Every line of the listing below from the one with "Walnut Epoxy Resin Table" up to and including the one with "Custom sizes, colours" should be retyped exactly, and nothing else; pictures are not part of the copy.

Input data ::
= Beginning of Section =
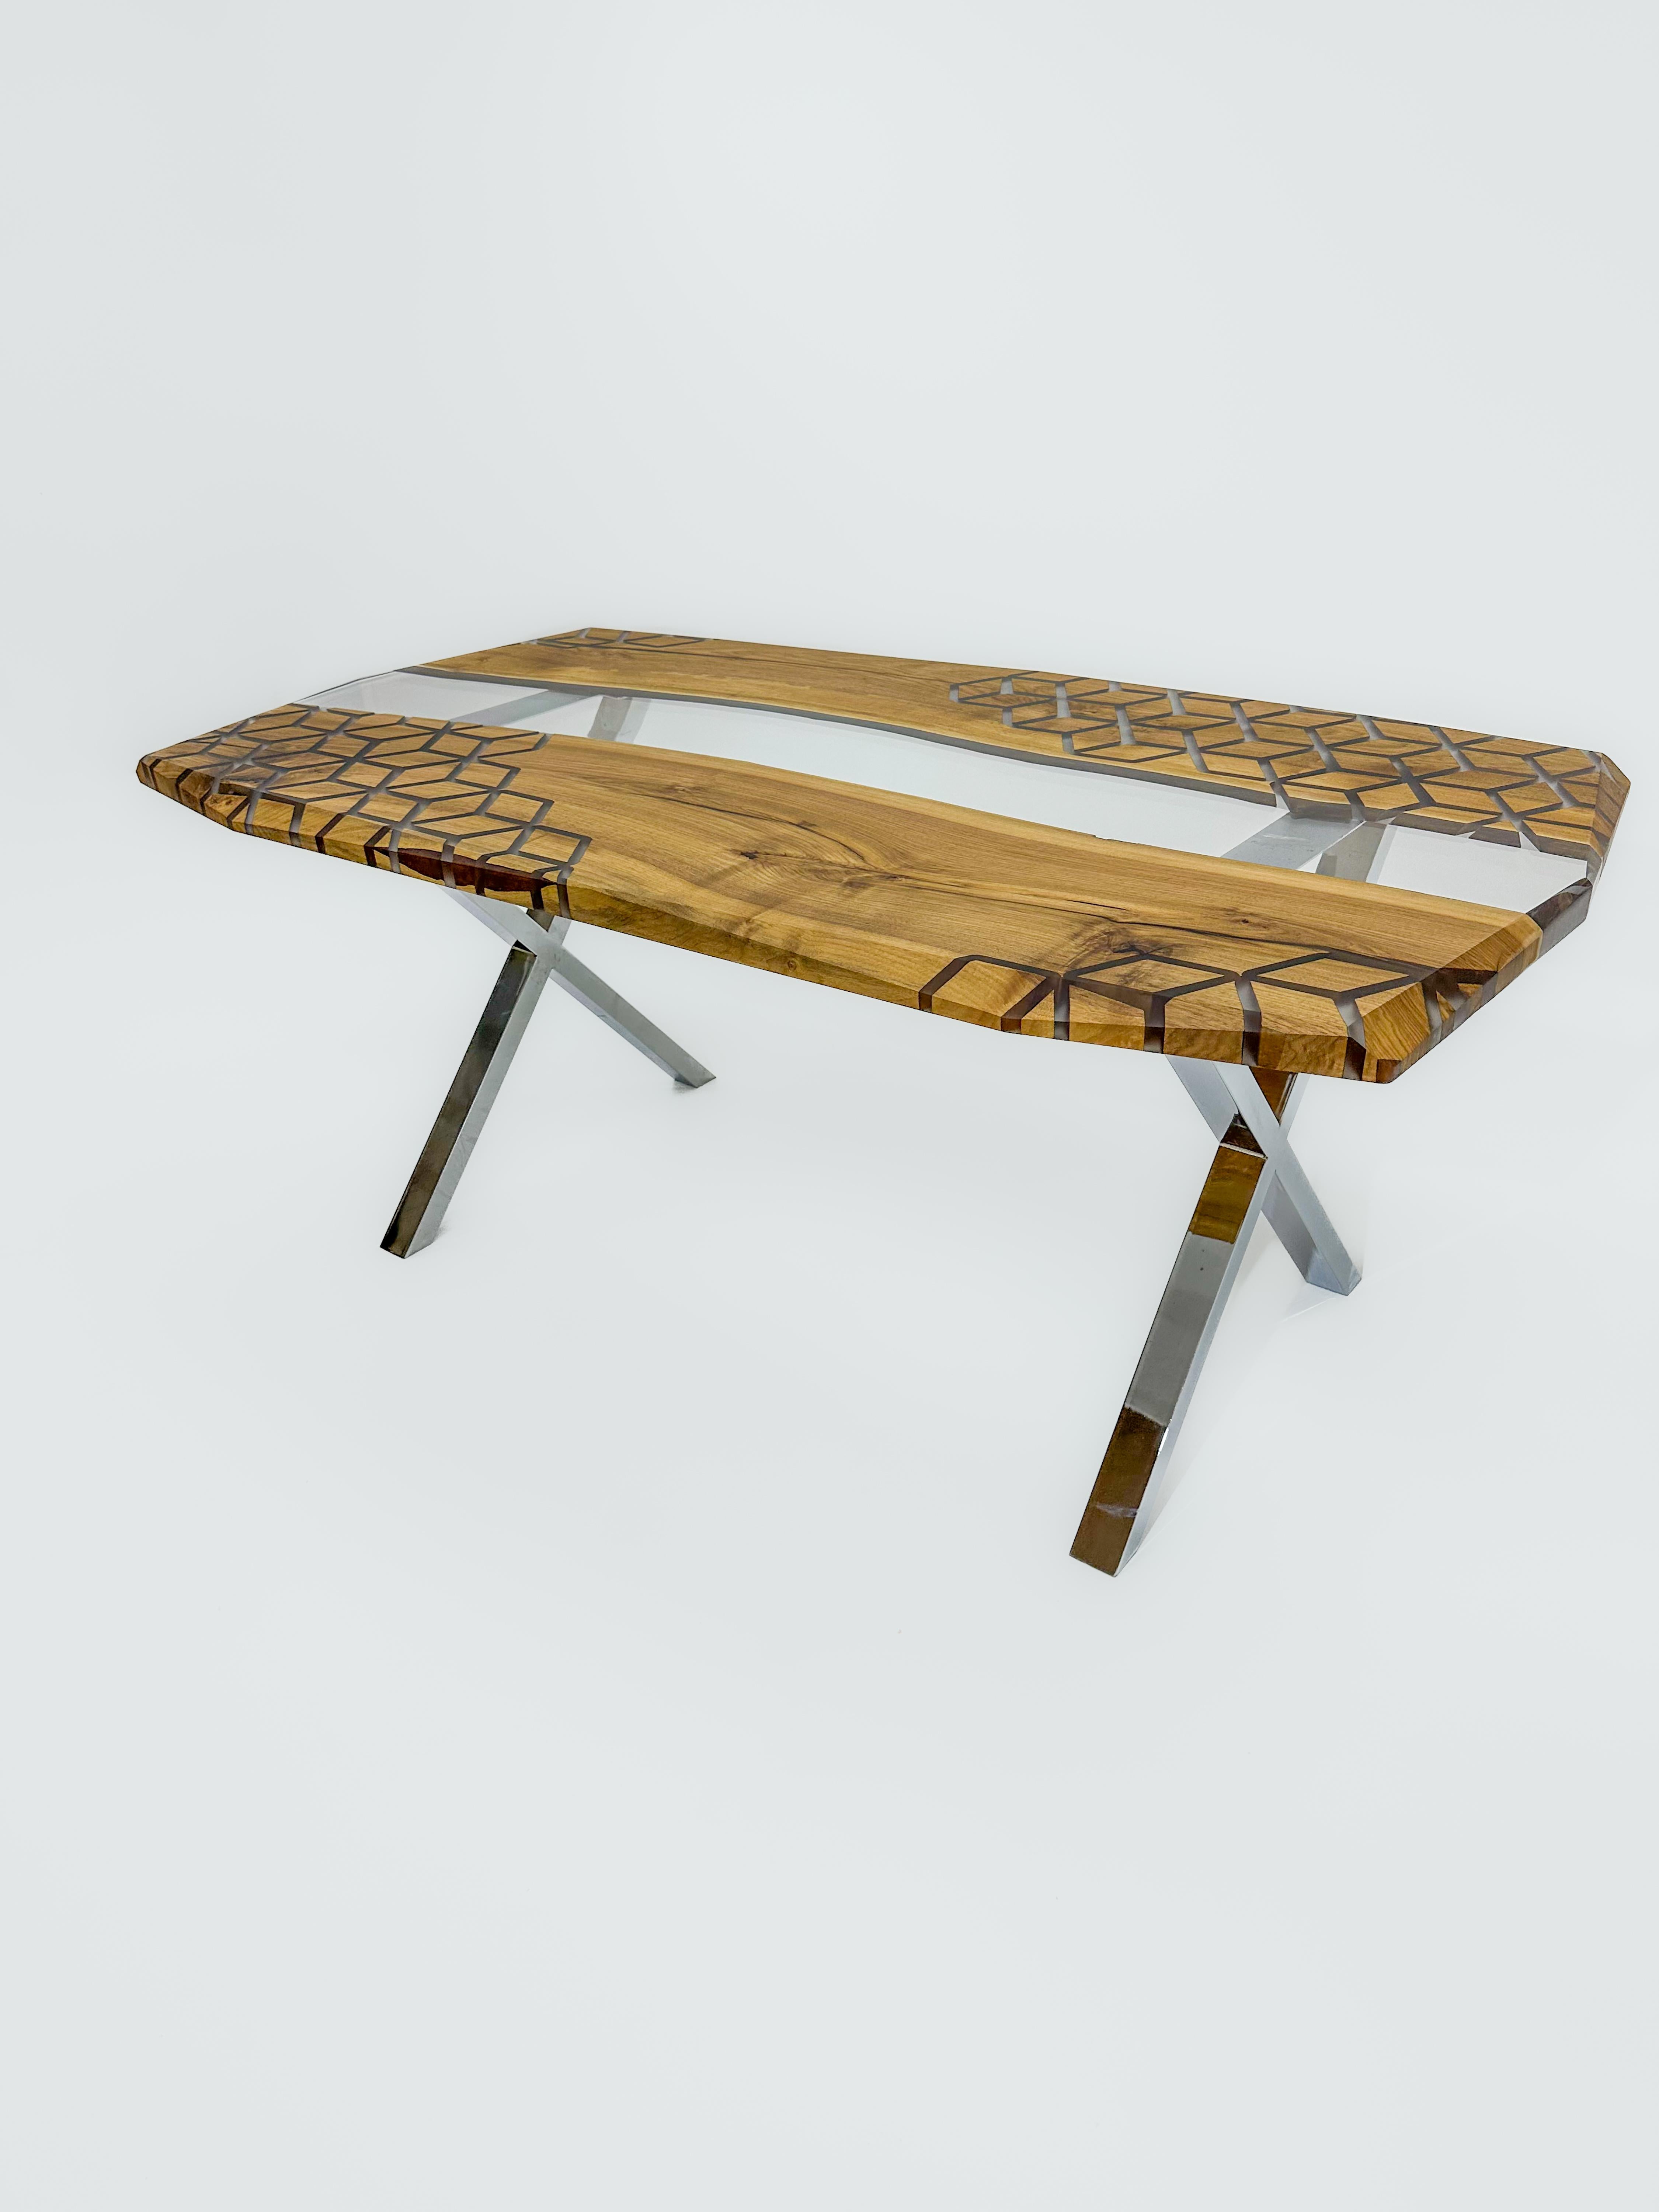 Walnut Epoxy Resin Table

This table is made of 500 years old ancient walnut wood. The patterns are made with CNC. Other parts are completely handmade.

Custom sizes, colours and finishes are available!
= End of Section =
= Beginning of Section =
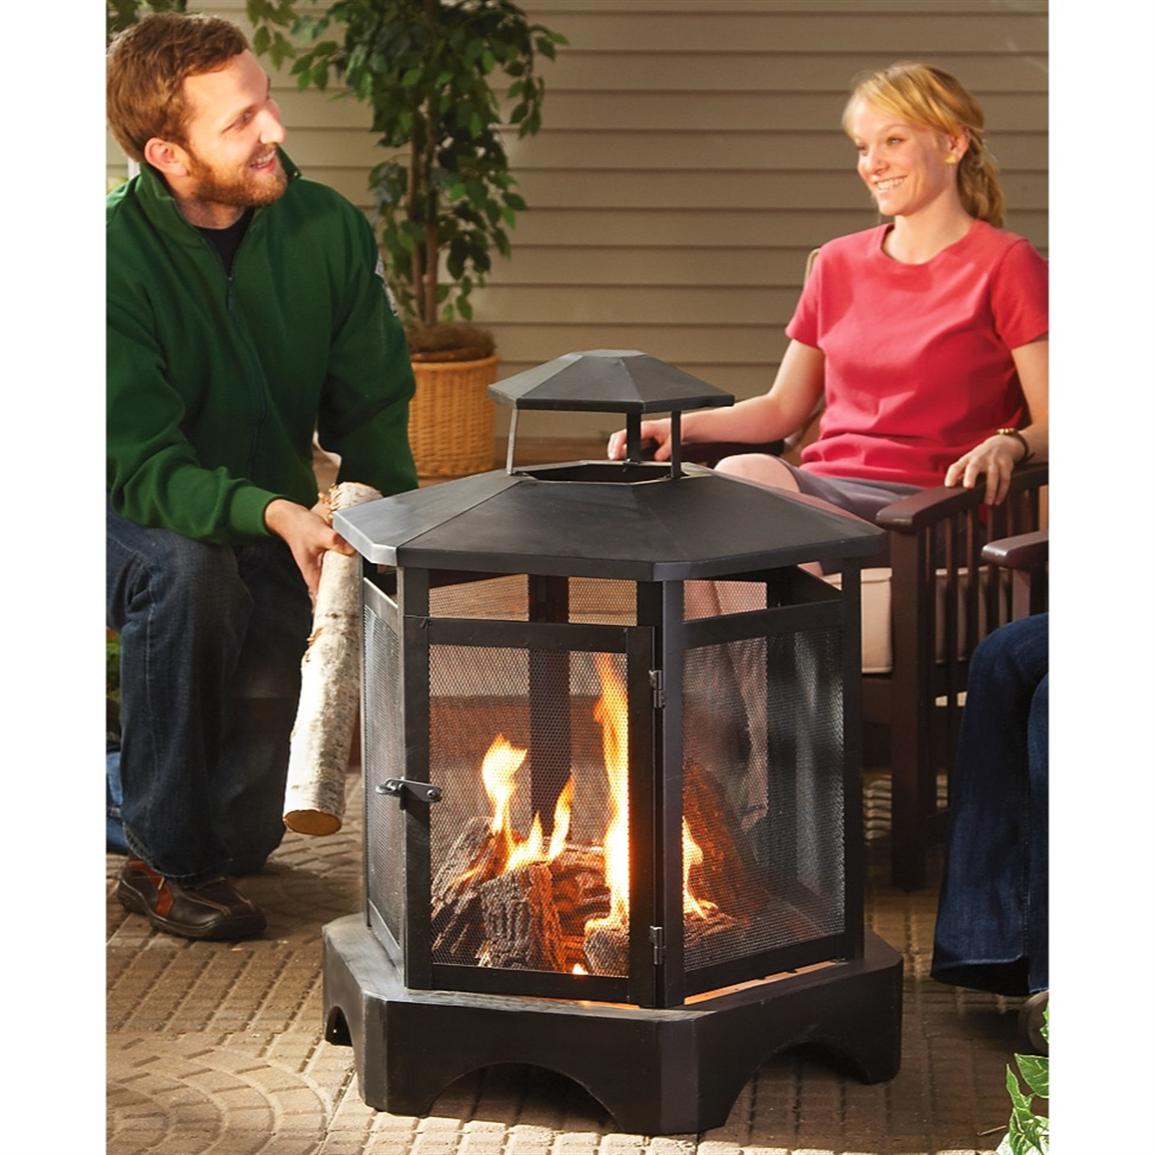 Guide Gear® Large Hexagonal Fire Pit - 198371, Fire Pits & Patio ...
= End of Section =
= Beginning of Section =
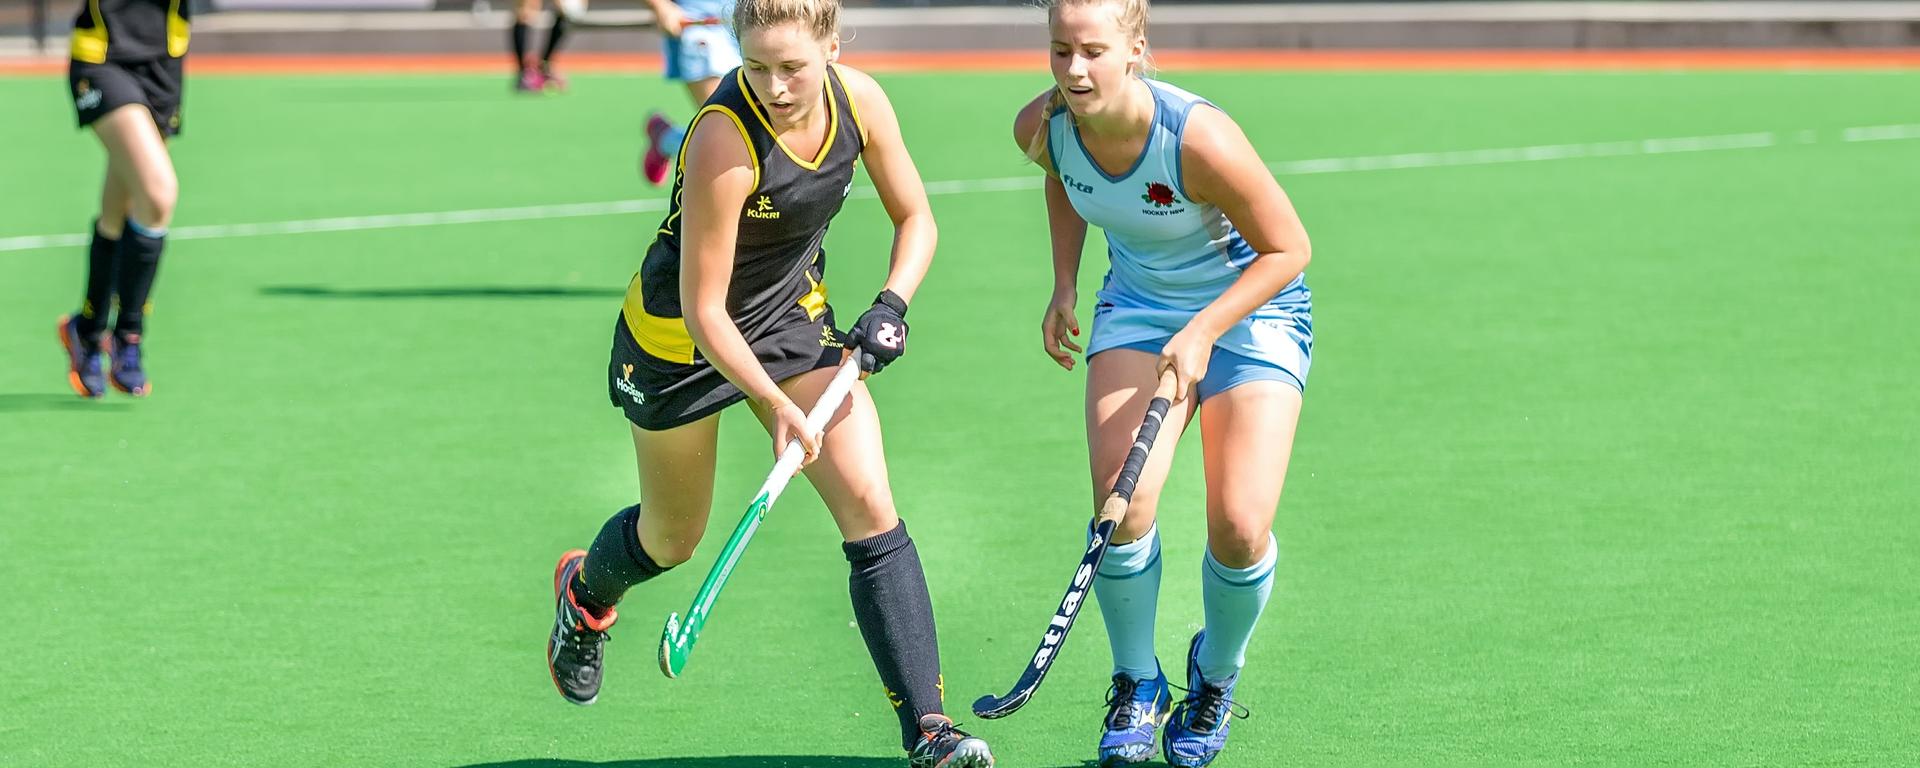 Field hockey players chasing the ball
= End of Section =
Worked solution ::
 Walnut Epoxy Resin Table

This table is made of 500 years old ancient walnut wood. The patterns are made with CNC. Other parts are completely handmade.

Custom sizes, colours and finishes are available!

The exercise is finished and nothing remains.